His education includes a B.A. in English and Philosophy (1990) and an M.A. in Philosophy (1993), both from the University of Kentucky, as well as an M.A. in English from Yale (1991) and a PhD in English from the University of Toronto (1998).

In 2007, National Geographic featured some of the research results from Dendle's monograph Demon Possession in Anglo-Saxon England. Other recent works include peer-reviewed articles on cryptozoology, medieval charms, demon possession, gender in Old Norse and Anglo-Saxon literature, and a translation and analysis of The Old English Life of Malchus and Two Vernacular Tales from the Vitas Patrum in MS Cotton Otho C.i: which appeared in English Studies, 2010.

He is the co-editor of three collections of academic essays on various aspects of the preternatural: Health and Healing from the Medieval Garden (Boydell, 2008), The Ashgate Research Companion to Monsters and the Monstrous (Ashgate, 2012), and The Devil in Society in Premodern Europe (Centre for Reformation and Renaissance Studies, 2012) with Richard Raiswell (University of Prince Edward Island).

Dendle's The Zombie Movie Encyclopedia (McFarland, 2001) was the first exhaustive overview of the subject, evaluating over 200 movies from 16 countries over a 65-year period starting from the early 1930s.
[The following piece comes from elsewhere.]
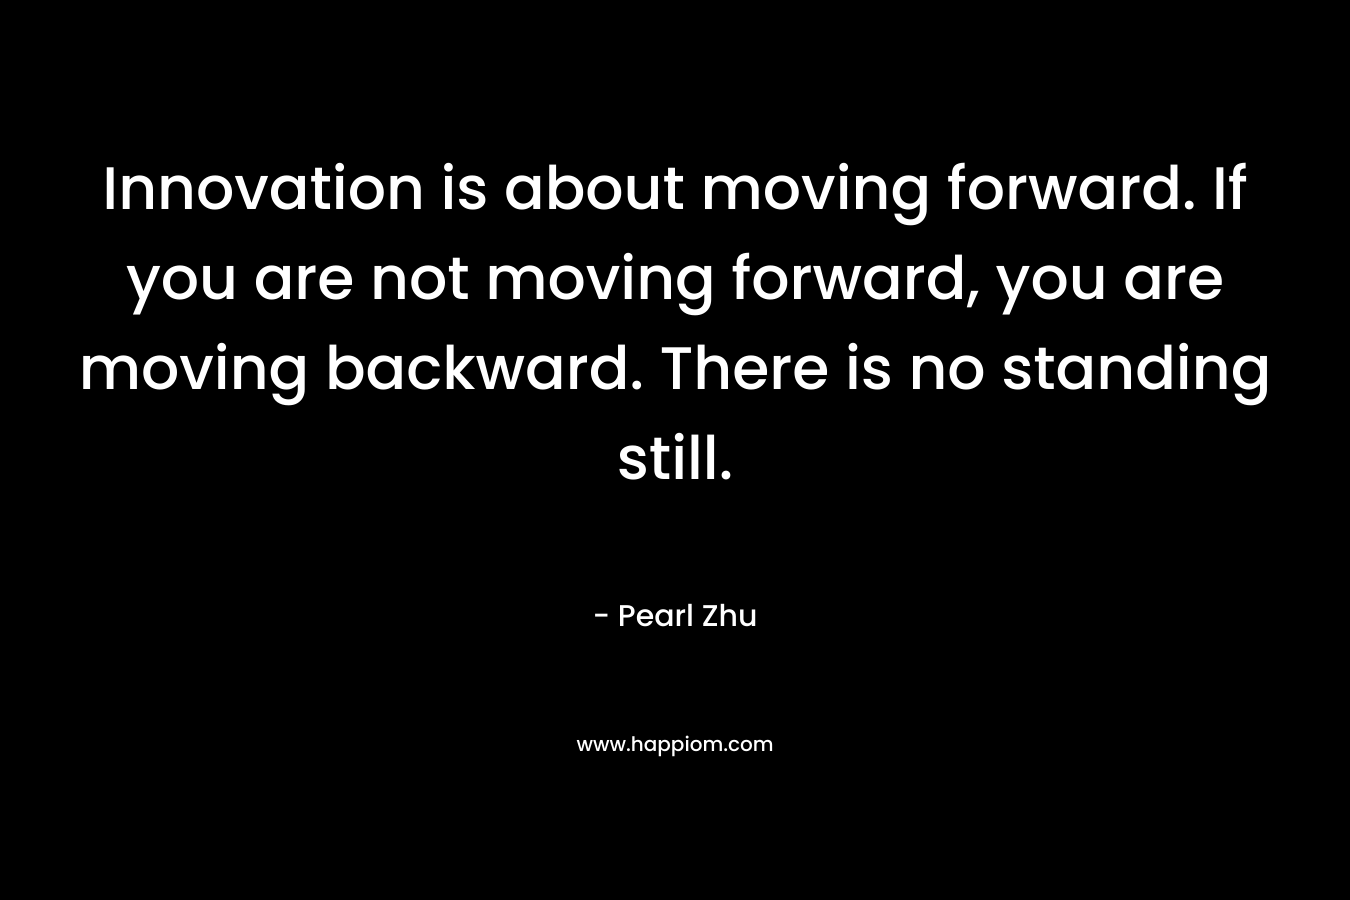 Innovation is about moving forward. If you are not moving forward, you are moving backward. There is no standing still.

The follow-up volume, The Zombie Movie Encyclopedia, Volume 2: 2000–2010 (McFarland), was published in 2012.

==Selected publications==
===Monographs===

- "Demon Possession in Anglo-Saxon England" (2014)
- "The Zombie Movie Encyclopedia, Volume 2: 2000–2010" (2012)
- "Satan Unbound: The Devil in Old English Narrative Literature" (2001)
- "The Zombie Movie Encyclopedia" (2000)

===Edited Collections===

- Richard Raiswell with Peter Dendle "The Devil in Society in Premodern Europe." (2012)
- Asa Simon Mittman and Peter Dendle, "The Ashgate Research Companion to Monsters and the Monstrous." (2012)
- Peter Dendle and Alain Touwaide (eds.). "Health and Healing from the Medieval Garden." (2008)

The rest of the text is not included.